## GIVEN DATA
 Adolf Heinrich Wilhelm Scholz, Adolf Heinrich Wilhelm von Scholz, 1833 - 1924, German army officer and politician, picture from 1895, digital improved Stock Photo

---

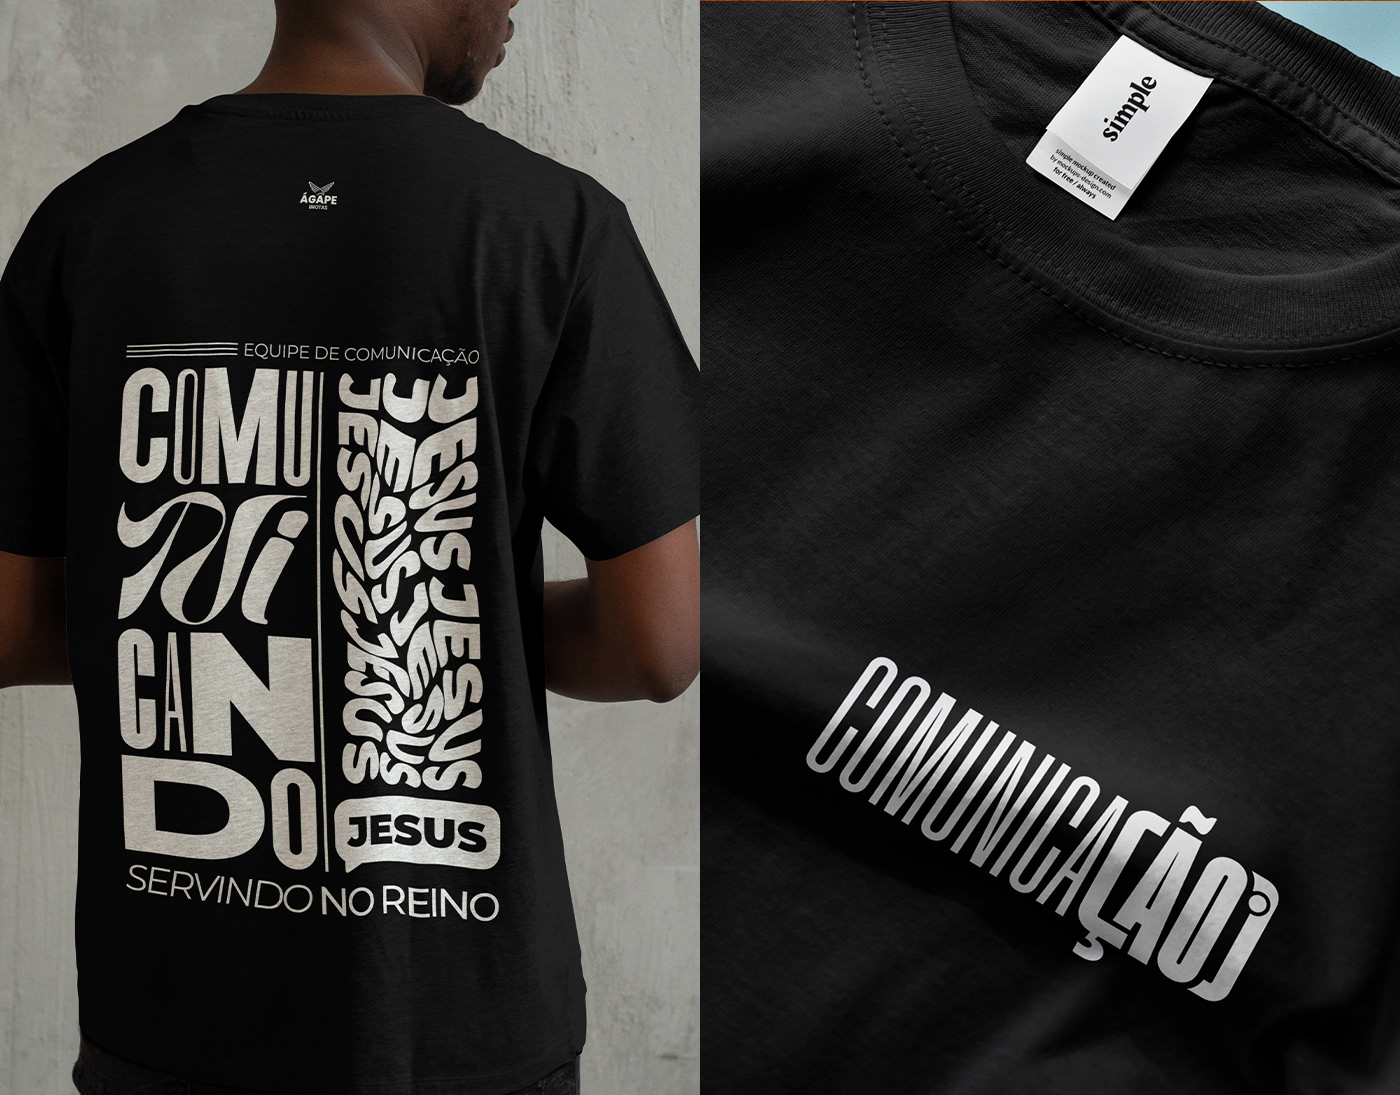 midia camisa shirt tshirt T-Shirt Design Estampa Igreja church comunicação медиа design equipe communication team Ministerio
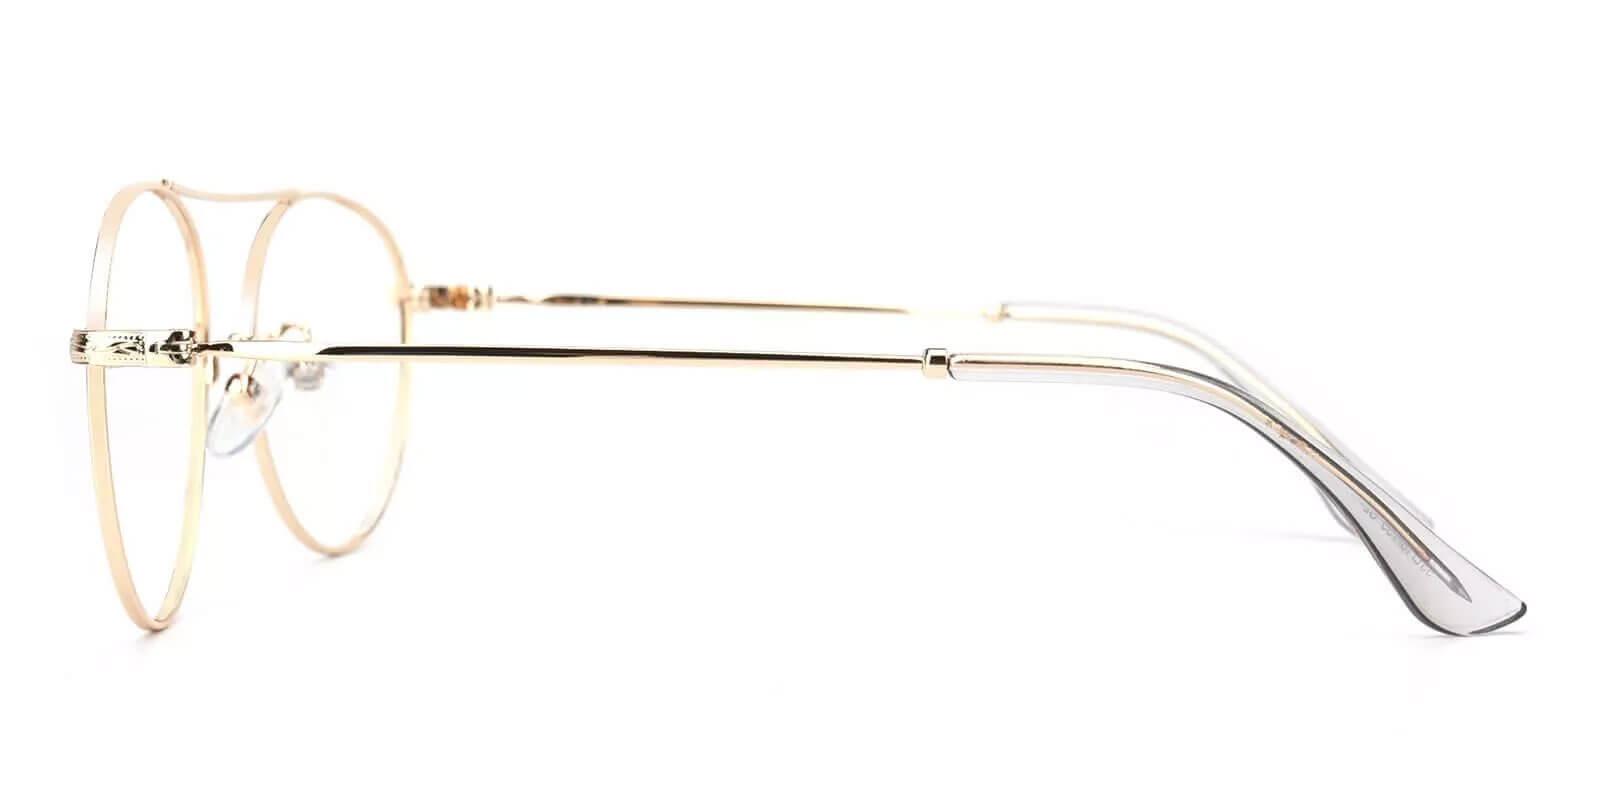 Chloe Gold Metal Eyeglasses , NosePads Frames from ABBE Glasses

==

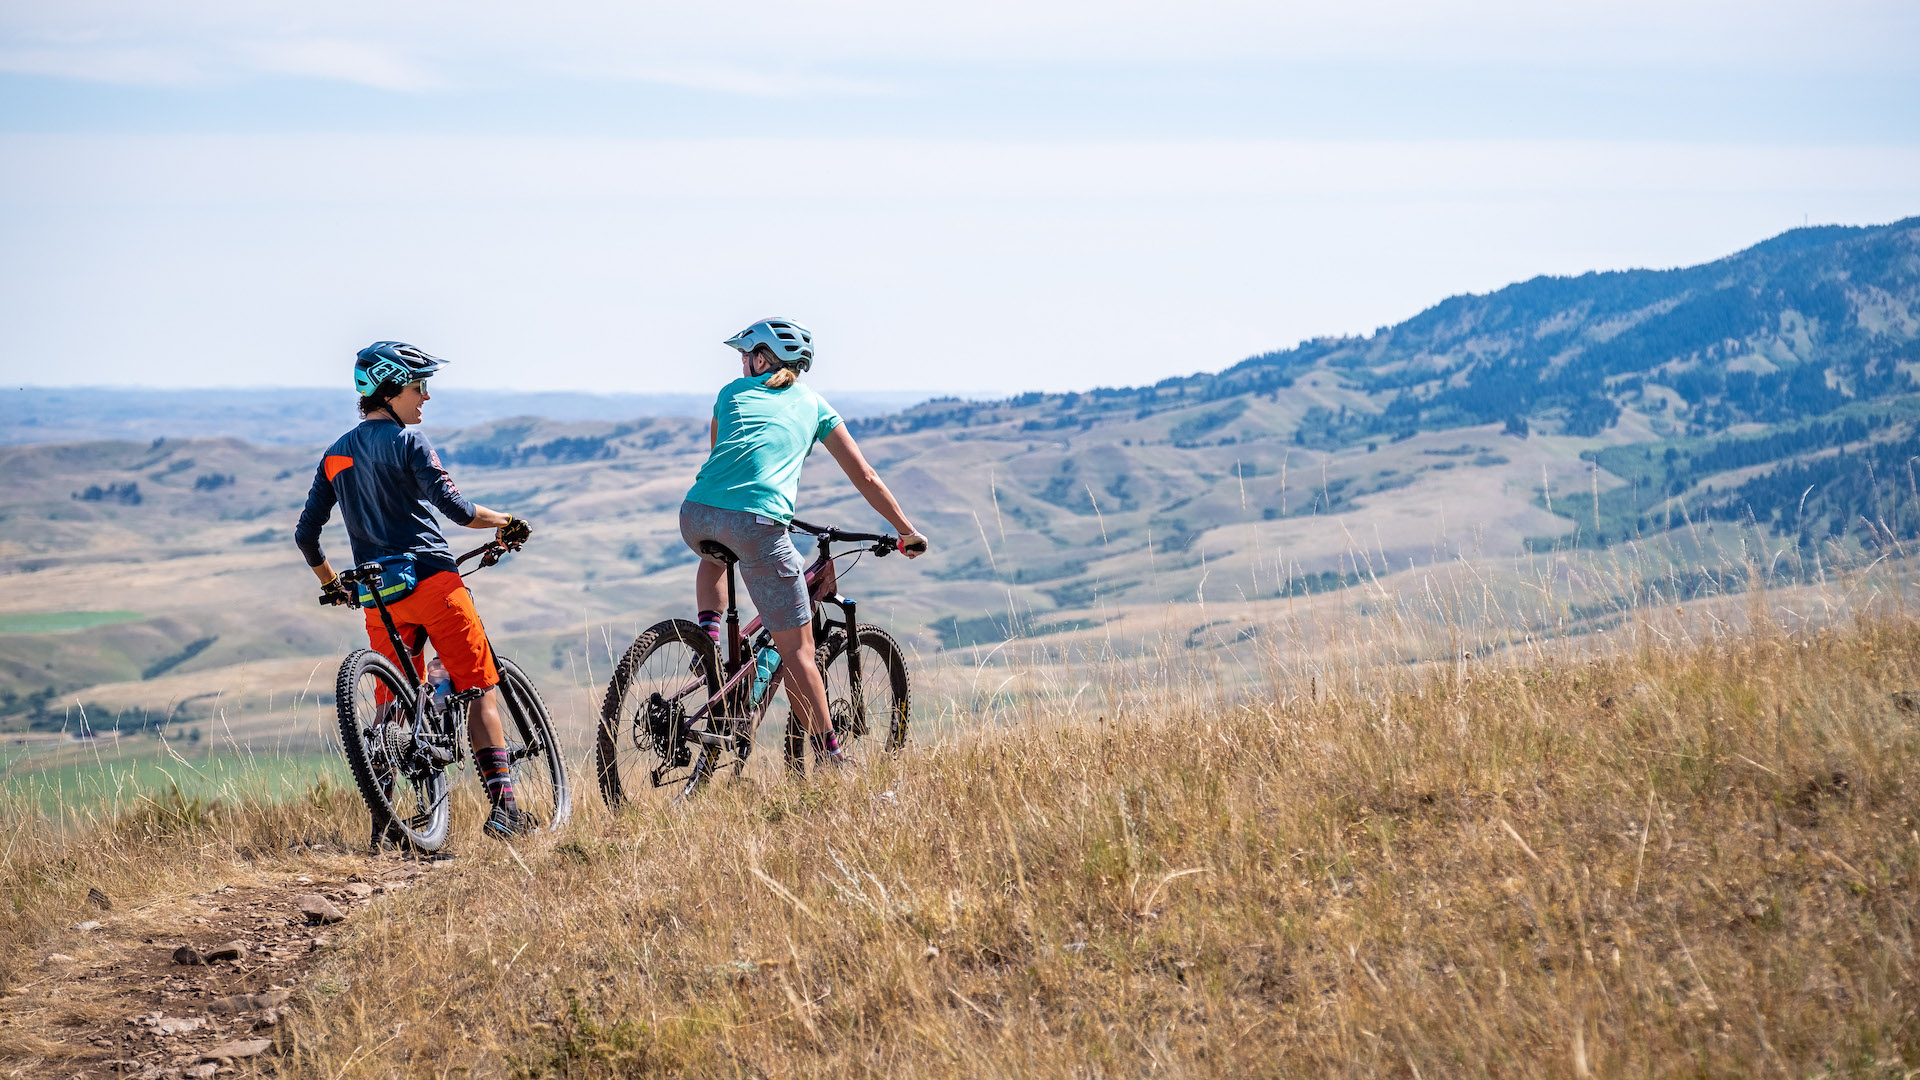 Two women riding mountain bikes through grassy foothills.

## THE TASK
Go to the line above that has "midia camisa shirt" and copy exactly from there down to the line that has "Chloe Gold Metal", both included. Leave the pictures out.

## RESPONSE BOX
 midia camisa shirt tshirt T-Shirt Design Estampa Igreja church comunicação медиа design equipe communication team Ministerio
 Chloe Gold Metal Eyeglasses , NosePads Frames from ABBE Glasses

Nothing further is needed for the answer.